▶ [Exercise data]
==============================
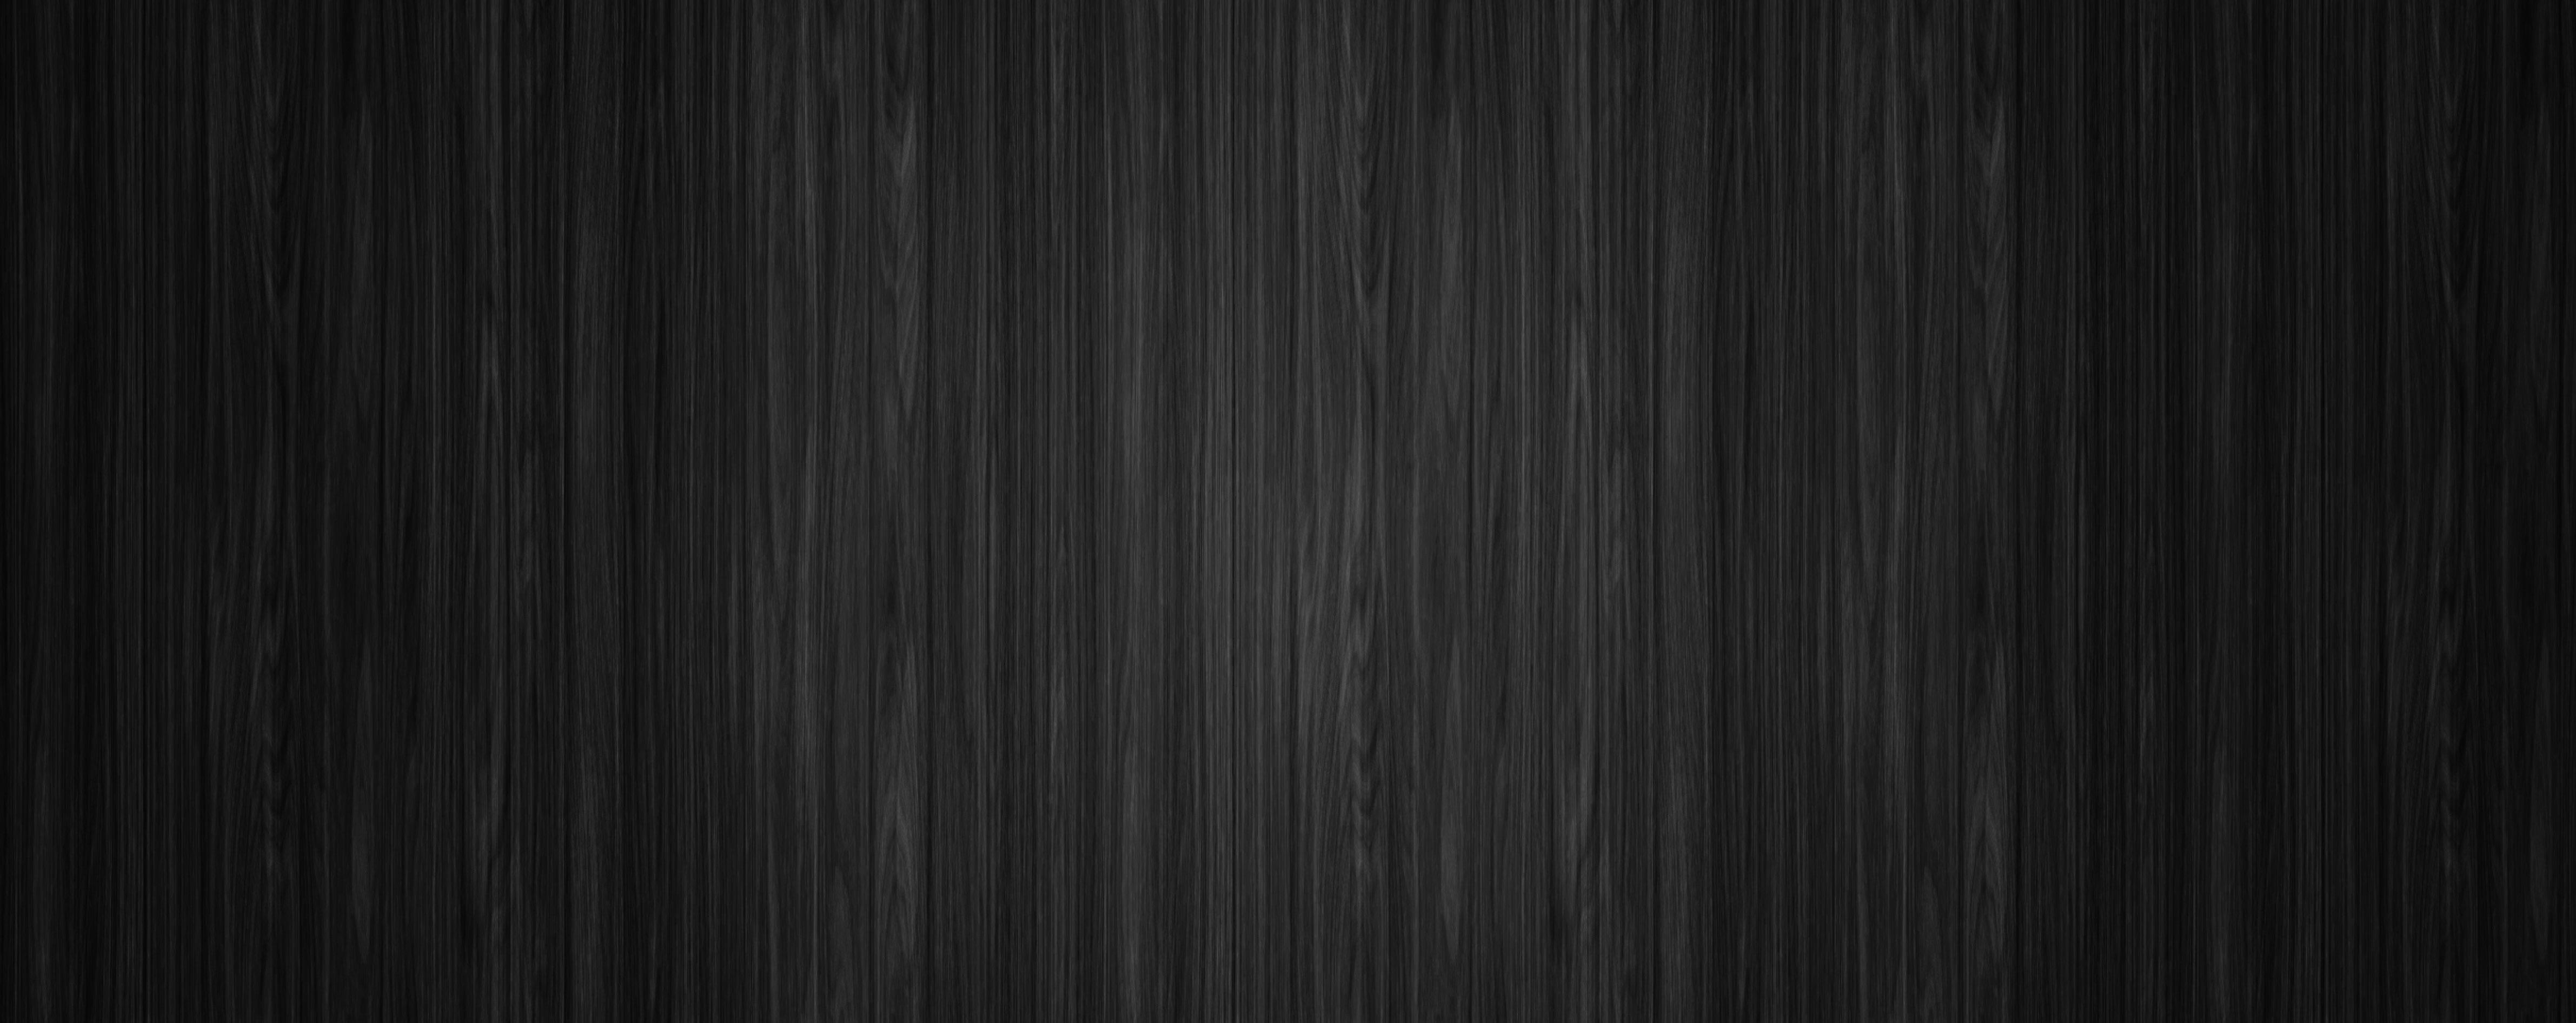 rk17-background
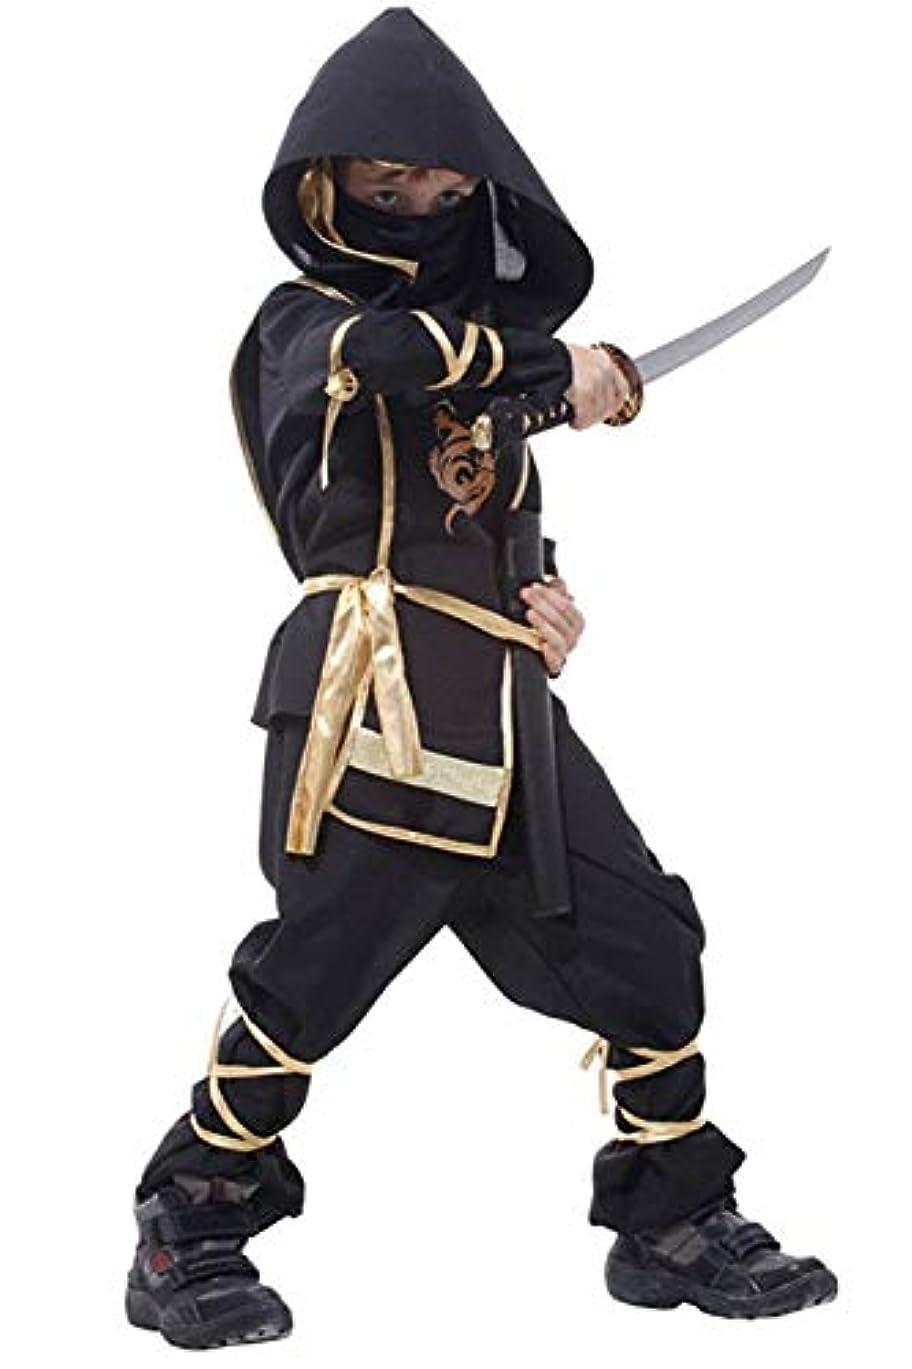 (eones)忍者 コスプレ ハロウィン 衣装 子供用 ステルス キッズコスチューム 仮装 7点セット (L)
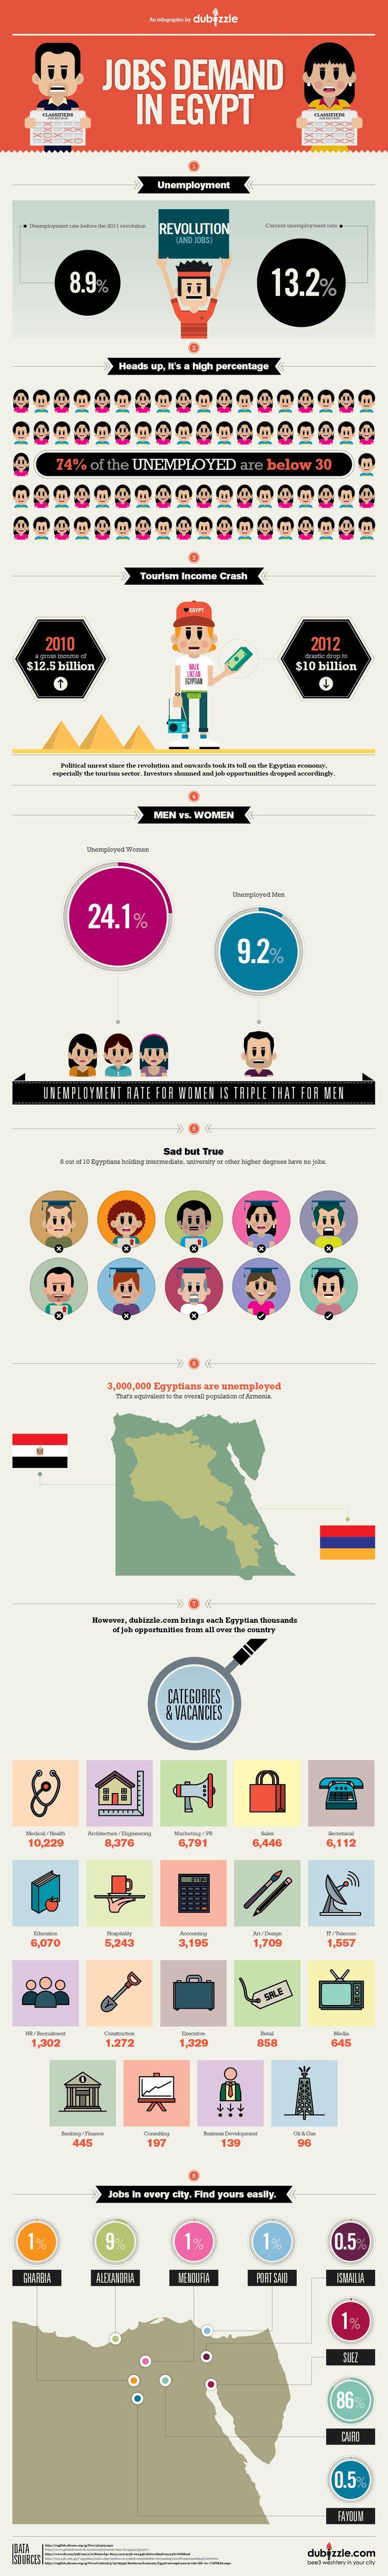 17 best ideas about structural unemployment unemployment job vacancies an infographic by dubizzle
==============================
▶ [Exercise description] In the copy, no pictures are to appear; write out exactly the lines from the one containing "(eones)忍者 コスプレ ハロウィン" through the end of the listing above and no further lines.

▶ [Answer to this task]
 (eones)忍者 コスプレ ハロウィン 衣装 子供用 ステルス キッズコスチューム 仮装 7点セット (L)
 17 best ideas about structural unemployment unemployment job vacancies an infographic by dubizzle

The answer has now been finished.